◆ **What is needed**: Find the line below with "Used 2017 Aston" and the line with "Spider-Man Wrecks A Building". Output exactly those lines and everything between them, leaving out the pictures.

◆ **Given data**:
•••••

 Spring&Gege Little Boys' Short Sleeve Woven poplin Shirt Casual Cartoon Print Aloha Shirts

•••••

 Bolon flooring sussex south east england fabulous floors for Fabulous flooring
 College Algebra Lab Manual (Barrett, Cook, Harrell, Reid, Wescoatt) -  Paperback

•••••

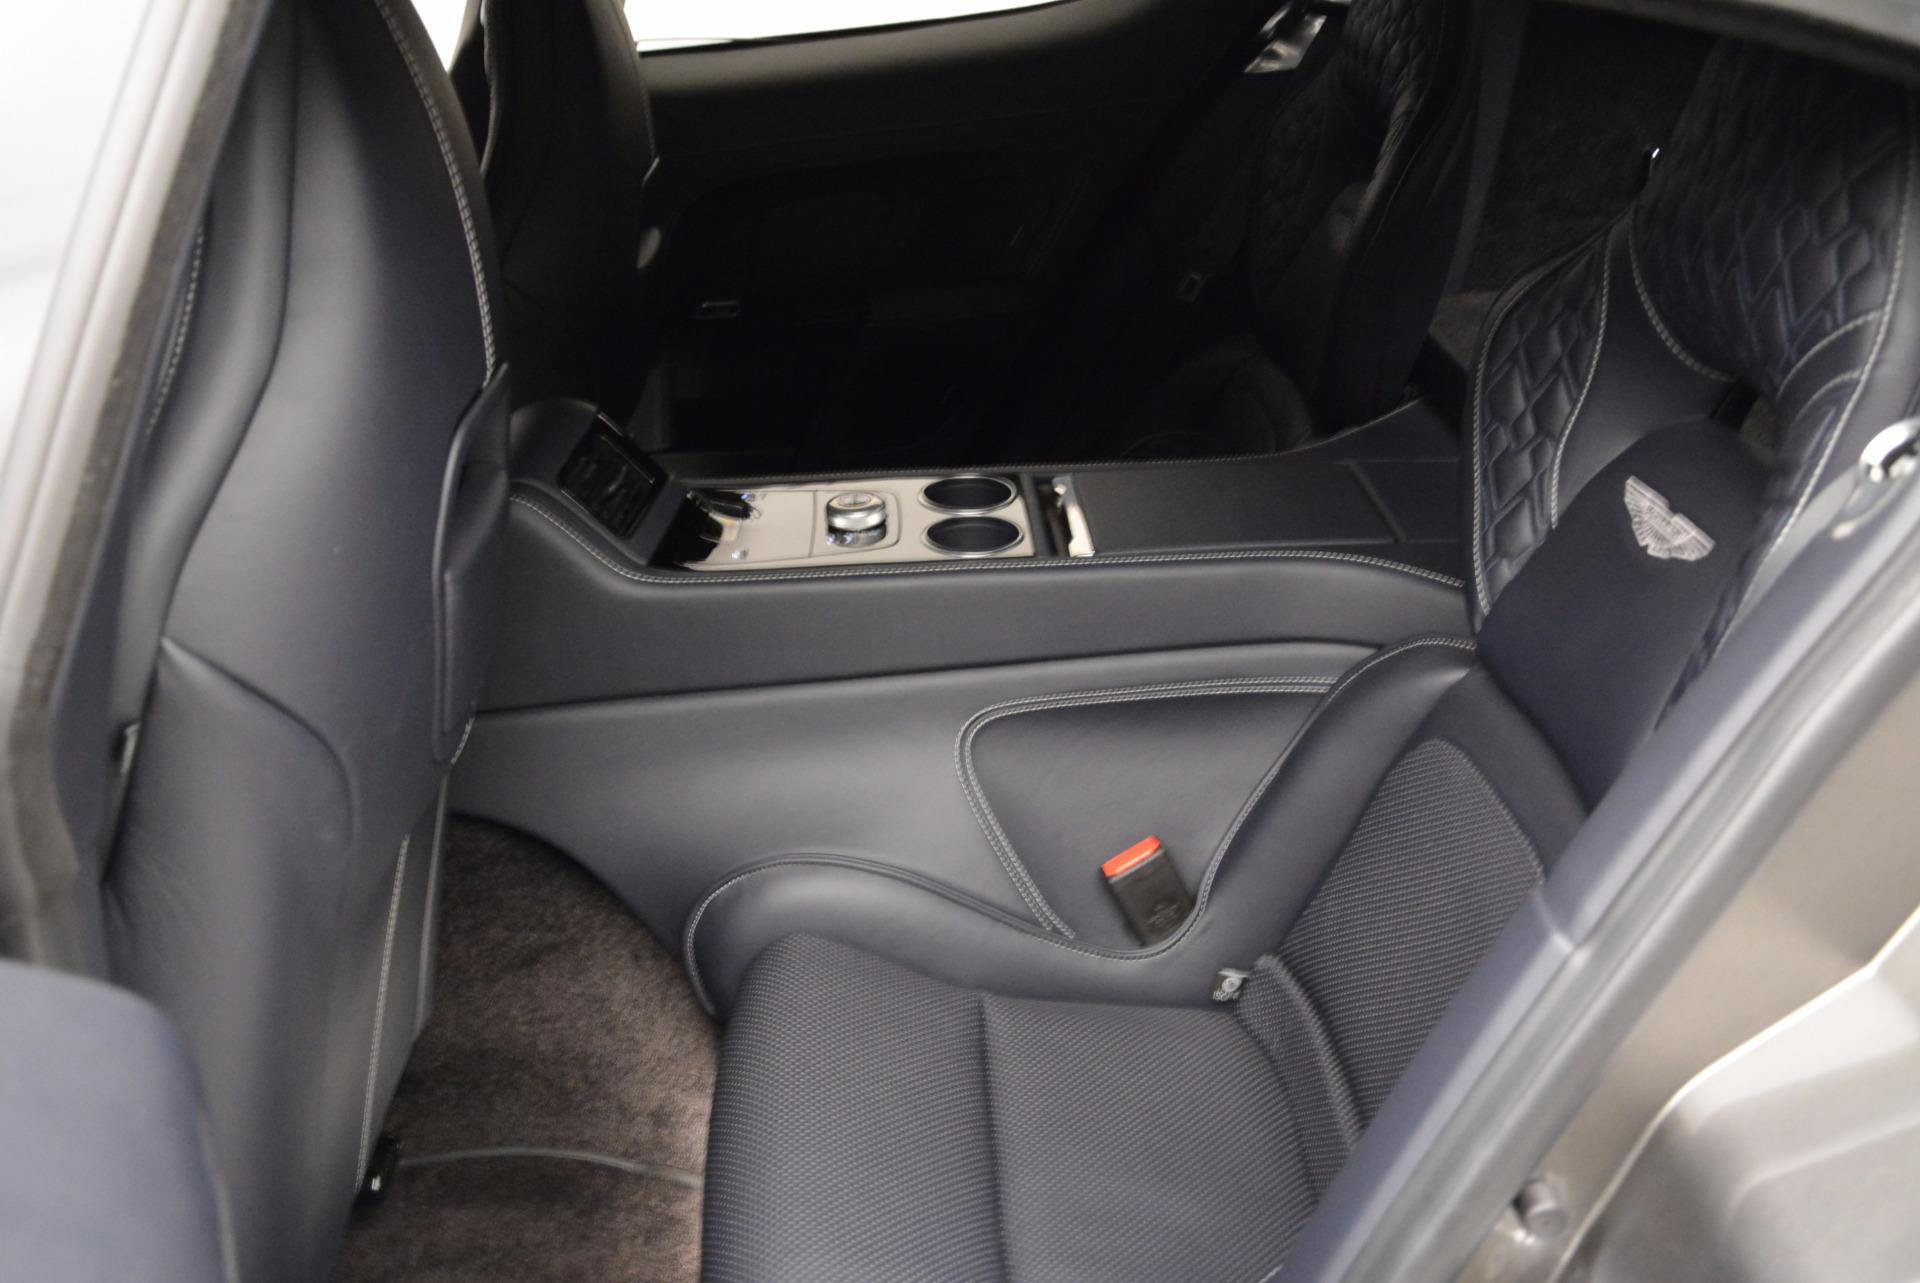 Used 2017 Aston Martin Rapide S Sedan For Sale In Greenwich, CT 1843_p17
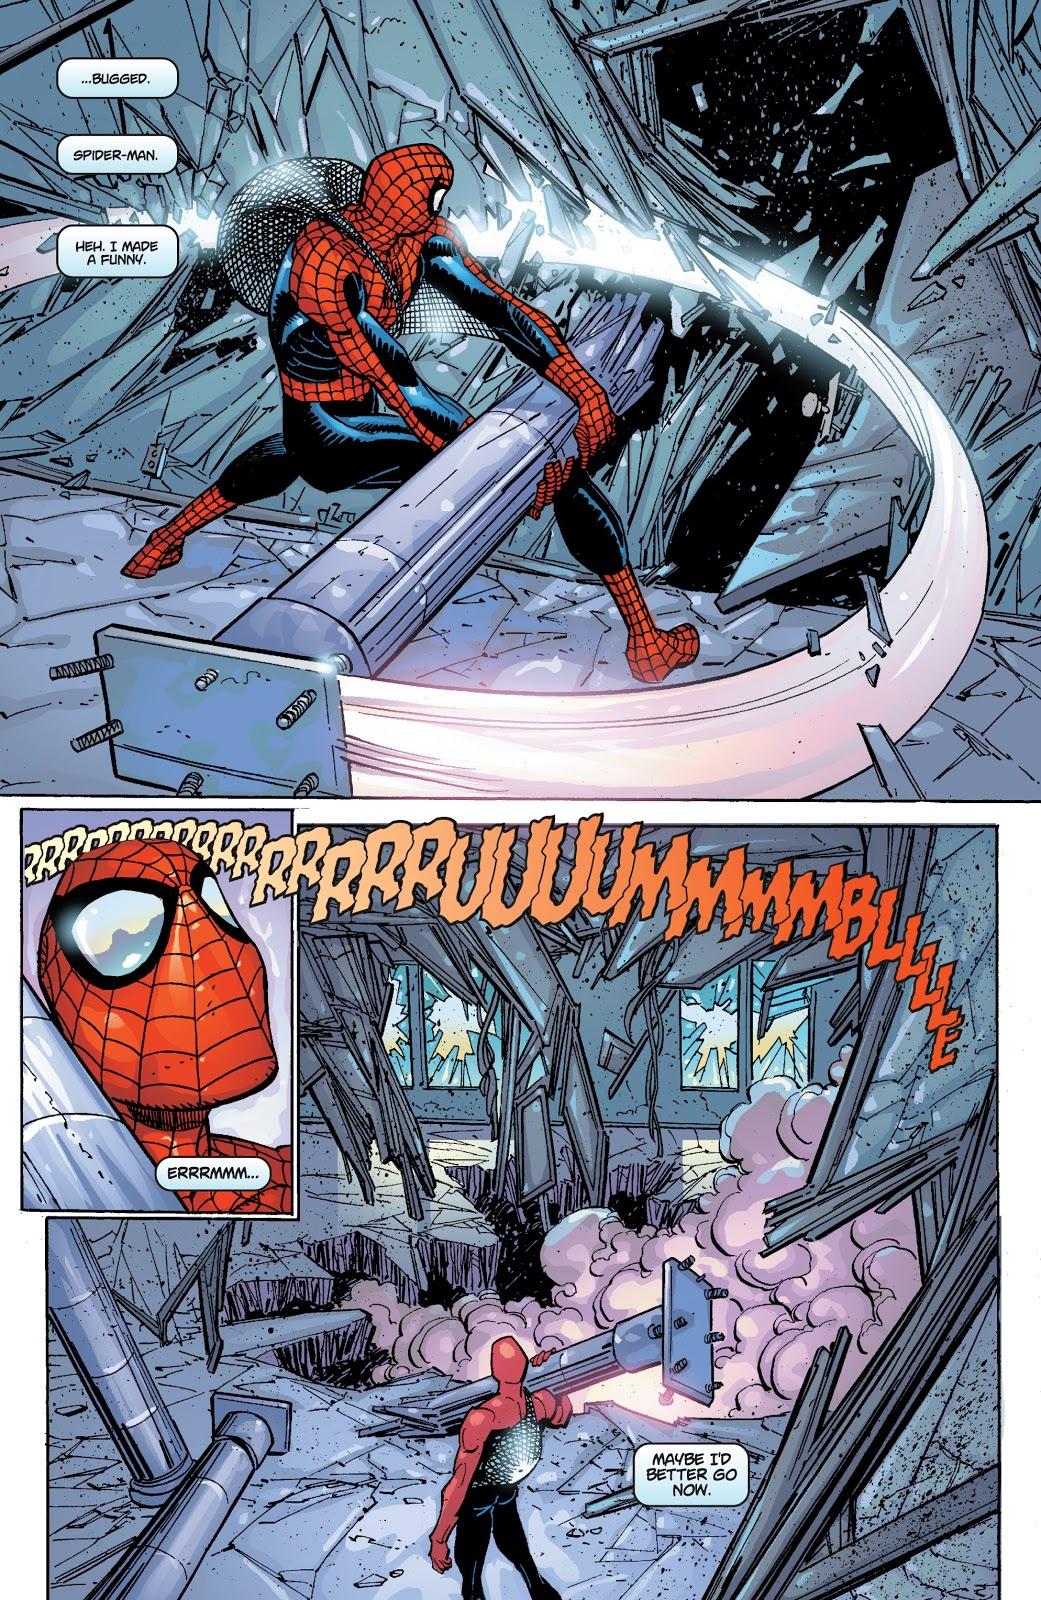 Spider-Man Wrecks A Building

•••••

◆ **Reply**:
 Used 2017 Aston Martin Rapide S Sedan For Sale In Greenwich, CT 1843_p17
 Spider-Man Wrecks A Building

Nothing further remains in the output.